The Harvard Students Against Sweatshops (HSAS), a campaign of the Progressive Students Labor Movement, believes Harvard made a serious mistake when it signed with the attractively misnamed Fair Labor Association (FLA) rather than the Workers' Rights Consortium (WRC). The WRC is a third-party industry monitoring group with no ties to the industries it investigates while the FLA's governing board is dominated by these industries. Harvard's decision to sign with the FLA suggests that, while Harvard has formally committed in principle to fight sweatshop production of apparel and other insignia goods, it has not yet effectively embraced this commitment.

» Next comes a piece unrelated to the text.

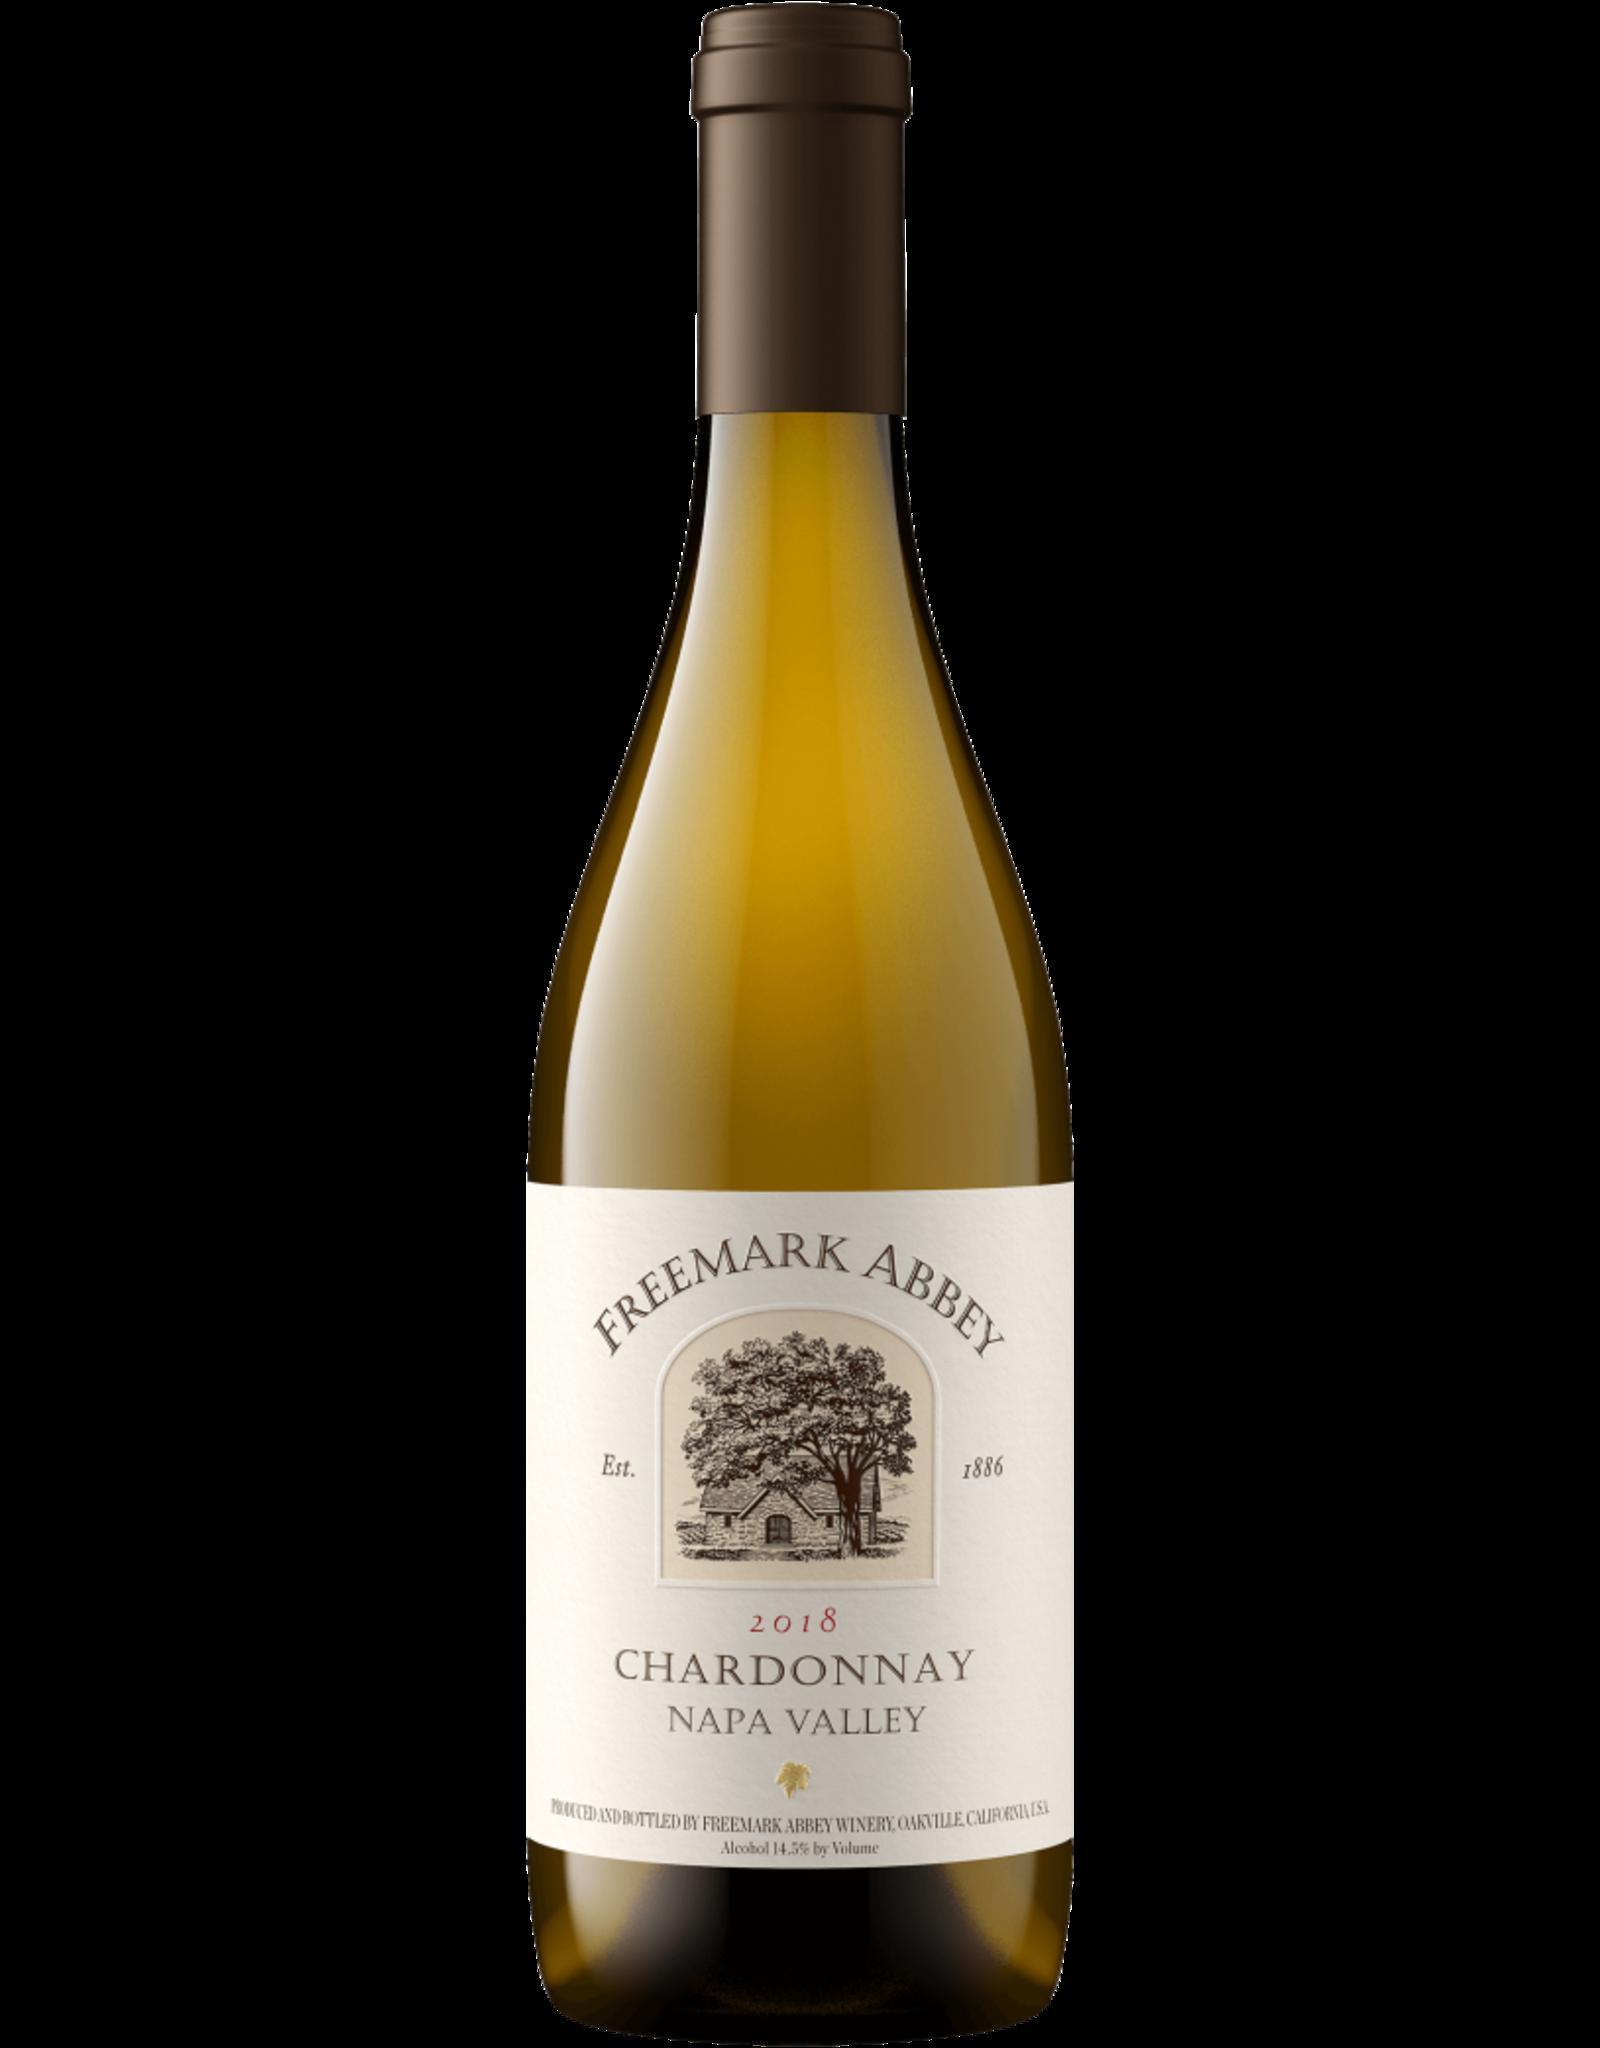 Freemark Abbey Napa Valley Chardonnay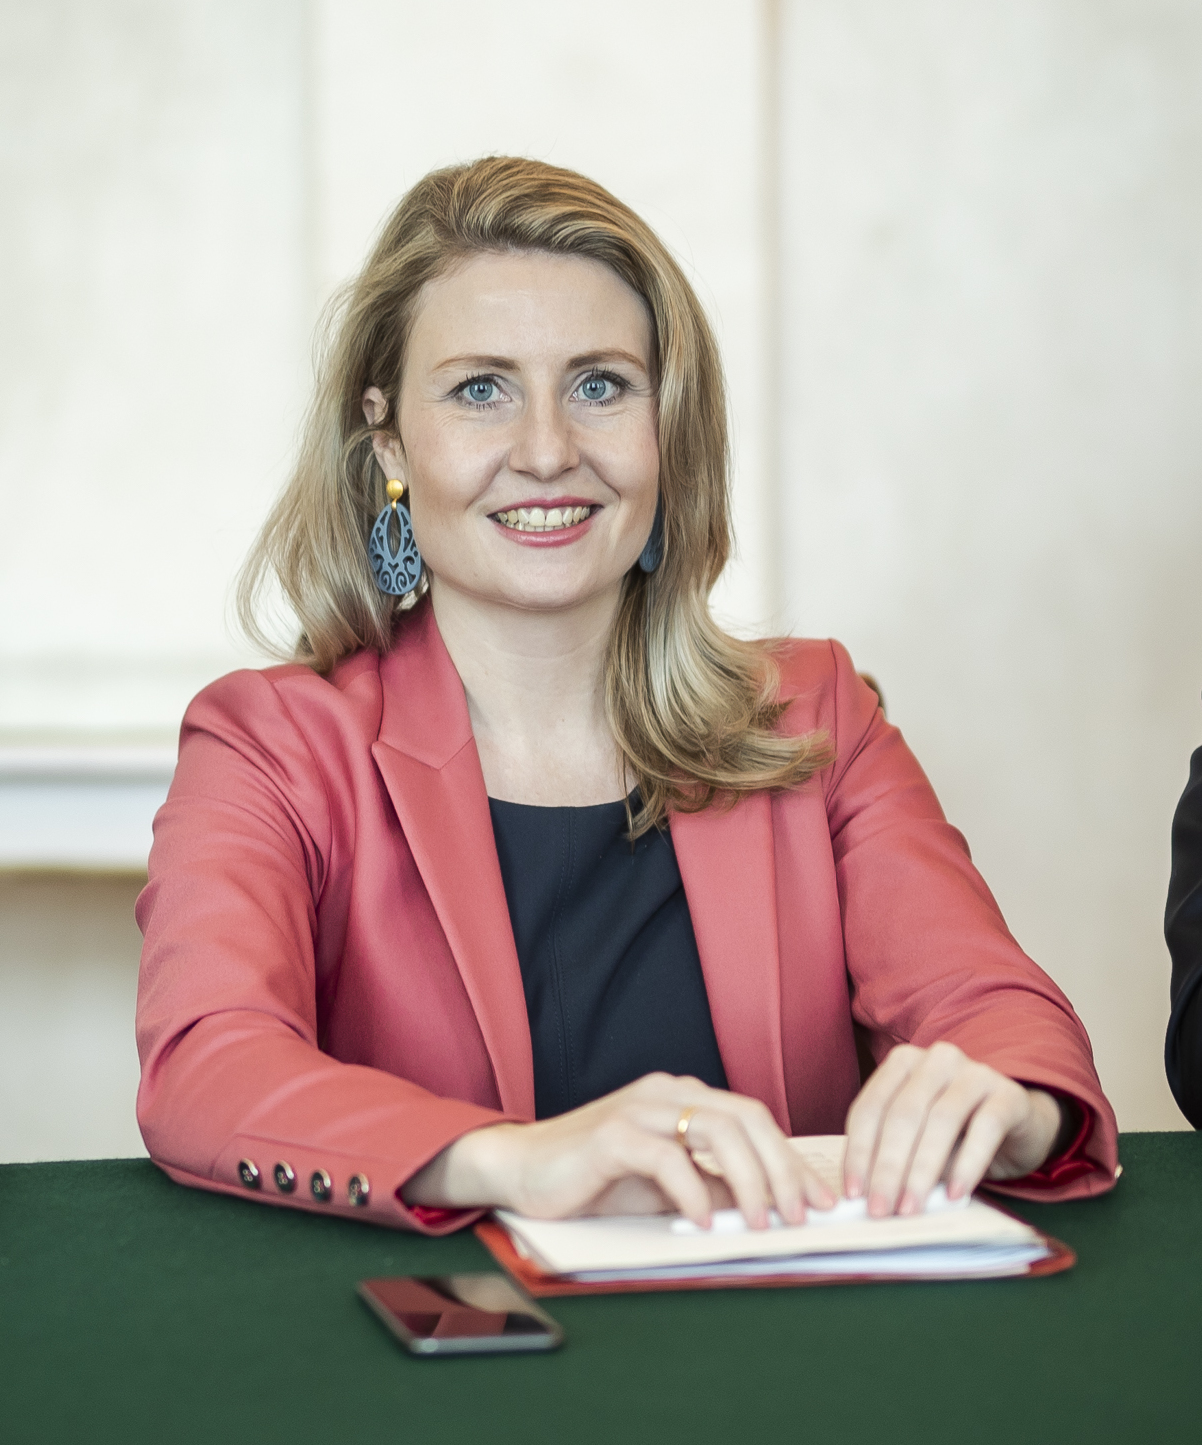 2020 Susanne Raab Ministerrat am 8.1.2020 49351571192 cropped

These monitoring groups should inspect factories producing Harvard goods and apparel to make sure they do not operate under sweatshop conditions. In fact, these monitoring groups are critical to Harvard's commitment to fair labor practices because they not only help discover factories that violate its code of conduct, but they also determine when factories have reformed their practices to follow the code of conduct. It is understood that workers need their jobs so the purpose has always been to reform violating factories through negotiations or sanctions rather than closing them down or ending their contracts. It is not difficult to see that full and accurate information gathering by monitoring groups is of the utmost importance.
In light of this, the WRC's virtues are clear. Its advisory board has strong ties with local community groups and garment unions in countries where inspections take place. It also has connections with groups who already do independent monitoring in those regions. The WRC also has good inspection policies in that it will make unannounced visits to factories and will use its community connections to speak to workers outside of the factory environment. The list of violations it inspects for is also close to Harvard's own; the information it publishes will be useful to the administration. All in all, the WRC is likely to collect and disseminate as full and accurate information as possible about the factories. Moreover, the WRC's governing board is split between selected representatives from its advisory board and university representatives, who have been chosen by universities working with the WRC.
On the other hand, business and industry organizes and continues to run the FLA. Indeed, it recently announced that it intends to hire Price Waterhouse Coopers, a business services corporation with ties to most major garment manufacturers, to do its field-work. The FLA also has bad inspection policies. It does not require the results of site visits be made public, it announces where and when it will inspect factories, it allows companies to select monitors and list which factories should be monitored and it deals with third party complaints in a convoluted way. The FLA leaves such matters in the hands of the Executive Director, without any accountability measures. Moreover, FLA does not inspect all of the possible violations, including certain health and safety regulations and women's rights issues. In addition, the FLA structured its Board of Directors so that industry and business have a majority of the votes and can control its policy changes. The university can wield very little, if any, influence in the FLA. The FLA has yet to inspect a single factory.
Clearly, the administration should switch from the FLA to the WRC. Pure logic sides with the WRC, and it costs Harvard next to nothing to switch. But why hasn't Harvard done as many universities recently have and made the change? The WRC has set April 1 as its cut-off date for universities to particpate in the first round of agenda-setting and decision-making.
Last year, a Crimson poll showed that two-thirds of the students supported the HSAS's efforts, and just a few weeks ago, the Undergraduate Council passed a resolution recommending the administration switch from the FLA to the WRC by a huge majority. Clearly, as has been suggested in the past, the HSAS does not represent just a small fraction of students. The students deserve to be not only heard, but to have a vote when it comes to making sweatshop policy decisions. More to the point, Harvard should switch from the FLA to the WRC.
Alexander H. Gourevitch '00 is a social studies concentrator in Cabot House. He is a member of Harvard Students Against Sweatshops.